# Applied Machine Learning: In-class Exercise 01-2

## Goal

You will learn how to estimate model performance with `scikit-learn` using resampling techniques such as 5-fold cross-validation. Additionally, you will compare a k‑NN model against a logistic regression model.

## German Credit Data
We work with the German credit data. You can load the dataset from OpenML and preprocess it for modeling.

In [1]:
import pandas as pd

import warnings
warnings.filterwarnings("ignore")

from sklearn.datasets import fetch_openml

german_data = fetch_openml(name="credit-g", version=1, as_frame=True)

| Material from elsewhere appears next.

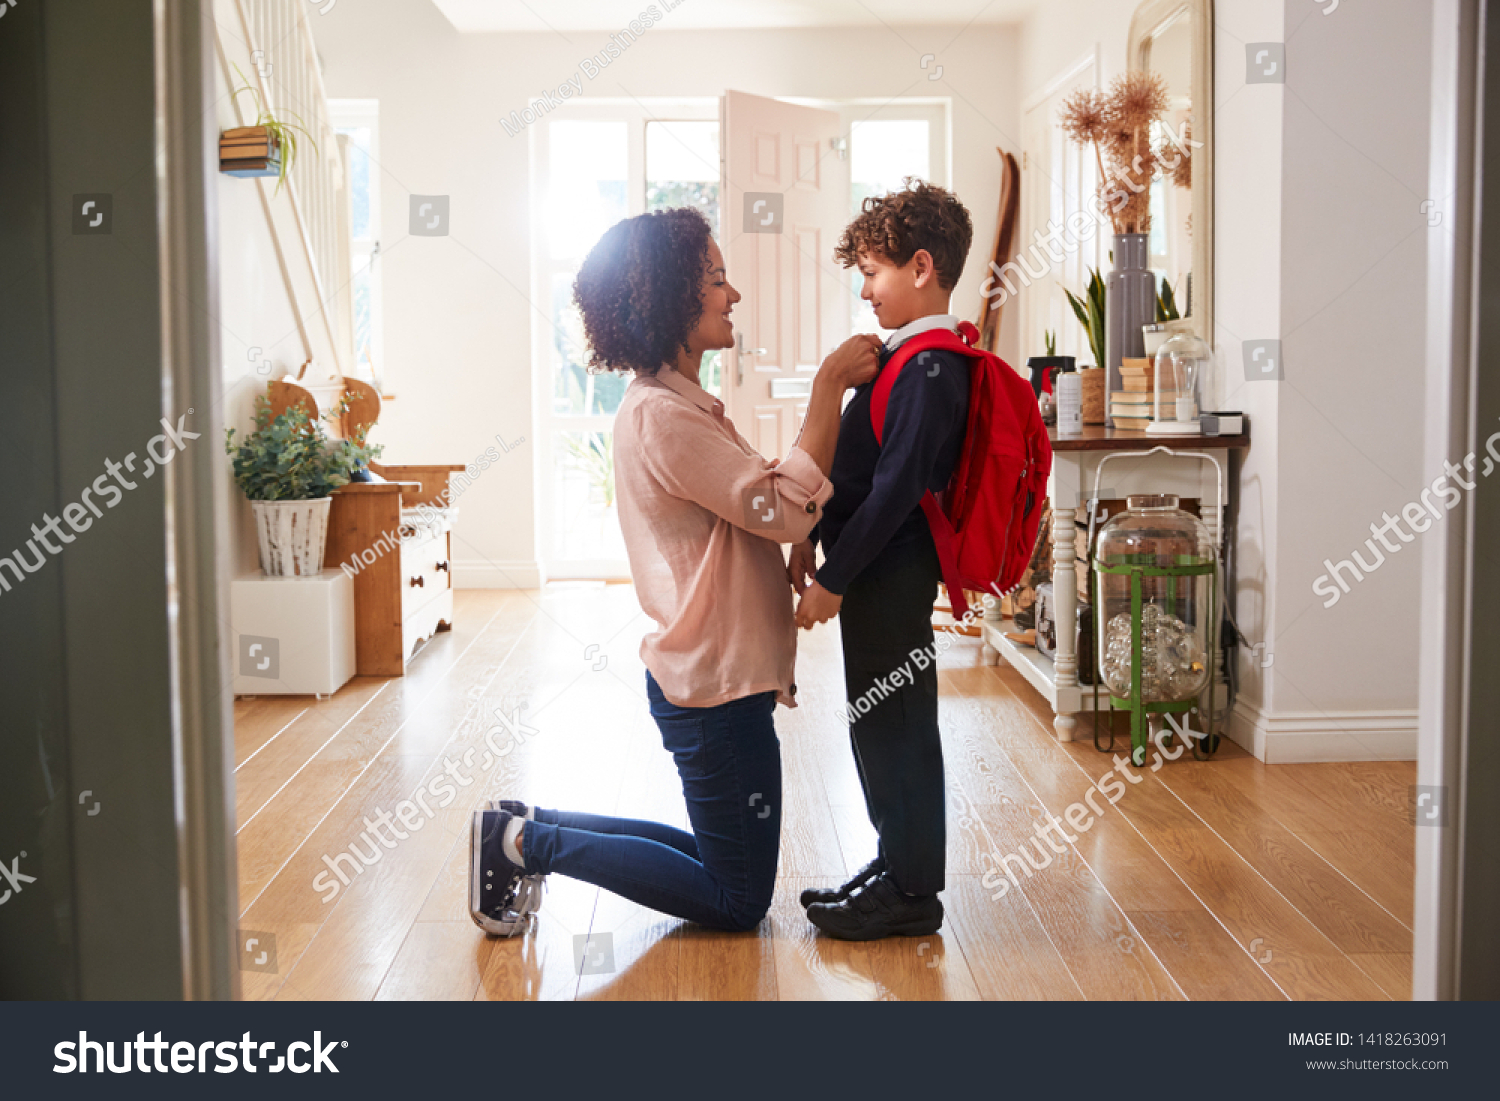 Single Mother At Home Getting Son Wearing Uniform Ready For First Day Of School #1418263091

# One-hot encode the features
X = pd.get_dummies(german_data.data, drop_first=True)
y = german_data.target

## Exercise: Fairly evaluate the performance of two learners

We first create two models using scikit-learn: a logistic regression model and a k‑nearest neighbors (k‑NN) model with $k=5$. We then compare their performance using cross-validation.

<details>
<summary>Hint 1:</summary>
You can use `LogisticRegression` and `KNeighborsClassifier` from `sklearn.linear_model` and `sklearn.neighbors`, respectively.
</details>

In [2]:
#===SOLUTION===

# Create the learners
from sklearn.linear_model import LogisticRegression
from sklearn.neighbors import KNeighborsClassifier


log_reg = LogisticRegression(max_iter=1000)
knn = KNeighborsClassifier(n_neighbors=5)

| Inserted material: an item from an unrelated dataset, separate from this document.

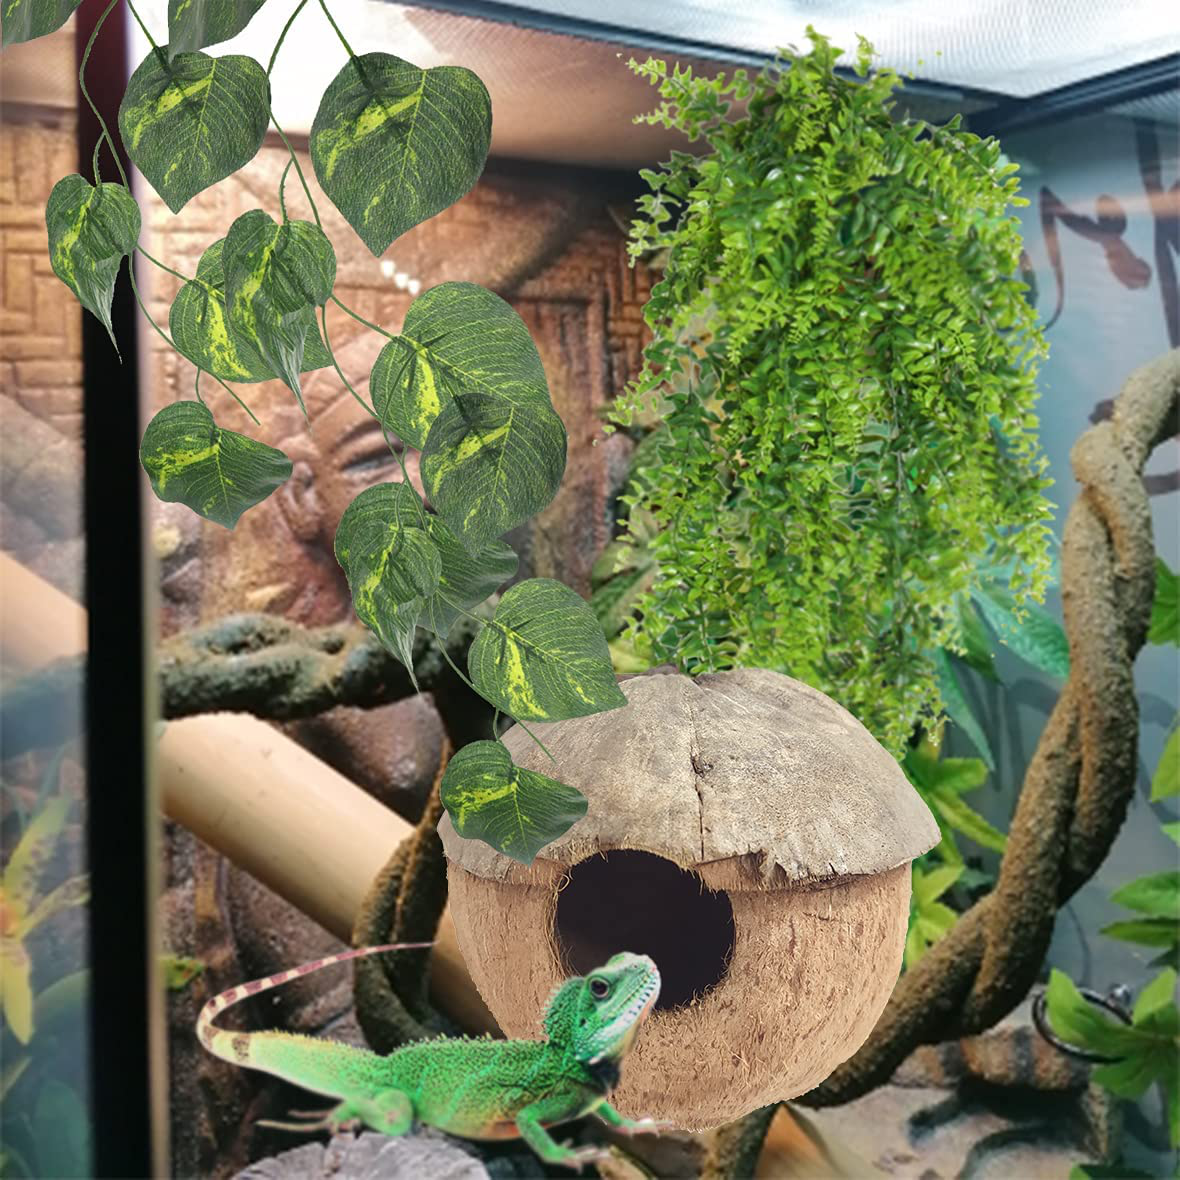 PINVNBY Reptile Coconut Hideout Lizard Coconut Hut Reptile Habitat Decoration with Artificial Bendable Vines Green Plants and Leaves Gecko Tank Accessories for Chameleon Bearded Dragons Snakes Animals & Pet Supplies > Pet Supplies > Reptile & Amphibian Supplies > Reptile & Amphibian Habitats PINVNBY

## Set up a resampling instance

Use `scikit-learn` to set up a resampling strategy for 5‑fold cross-validation. For example, you can use the `KFold` class to configure the number of folds, shuffling, and a random state for reproducibility.

<details>
<summary>Hint 1:</summary>
You can use `KFold` from `sklearn.model_selection`.
</details>

In [3]:
#===SOLUTION===

# Set up 5-fold cross-validation with shuffling for reproducibility
from sklearn.model_selection import KFold


cv = KFold(n_splits=5, shuffle=True, random_state=100)

## Run the resampling

After having created a resampling instance, use it to apply the chosen resampling technique to both previously created learners.

<details>
<summary>Hint 1:</summary>
You can use `cross_val_score` from `sklearn.model_selection`.
</details>


In [4]:
#===SOLUTION===

from sklearn.model_selection import cross_val_score

scores_logreg = cross_val_score(log_reg, X, y, cv=cv, scoring='accuracy')
scores_knn = cross_val_score(knn, X, y, cv=cv, scoring='accuracy')

## Evaluation

Compute the cross-validated classification accuracy of both models. Which learner performed better?

<details>
<summary>Hint 1:</summary>
`cross_val_score` returns an array of scores. You can compute the mean of this array to get the average accuracy.
</details>



In [6]:
#===SOLUTION===

print(f"k-NN CV accuracy: {scores_knn.mean():.4f}")
print(f"Logistic Regression CV accuracy: {scores_logreg.mean():.4f}")

k-NN CV accuracy: 0.6450
Logistic Regression CV accuracy: 0.7480


## Summary

We can now apply different resampling methods to estimate the performance of different learners and fairly compare them. We now have learnt how to obtain a better (in terms of variance) estimate of our model performance instead of doing a simple train and test split. This enables us to fairly compare different learners.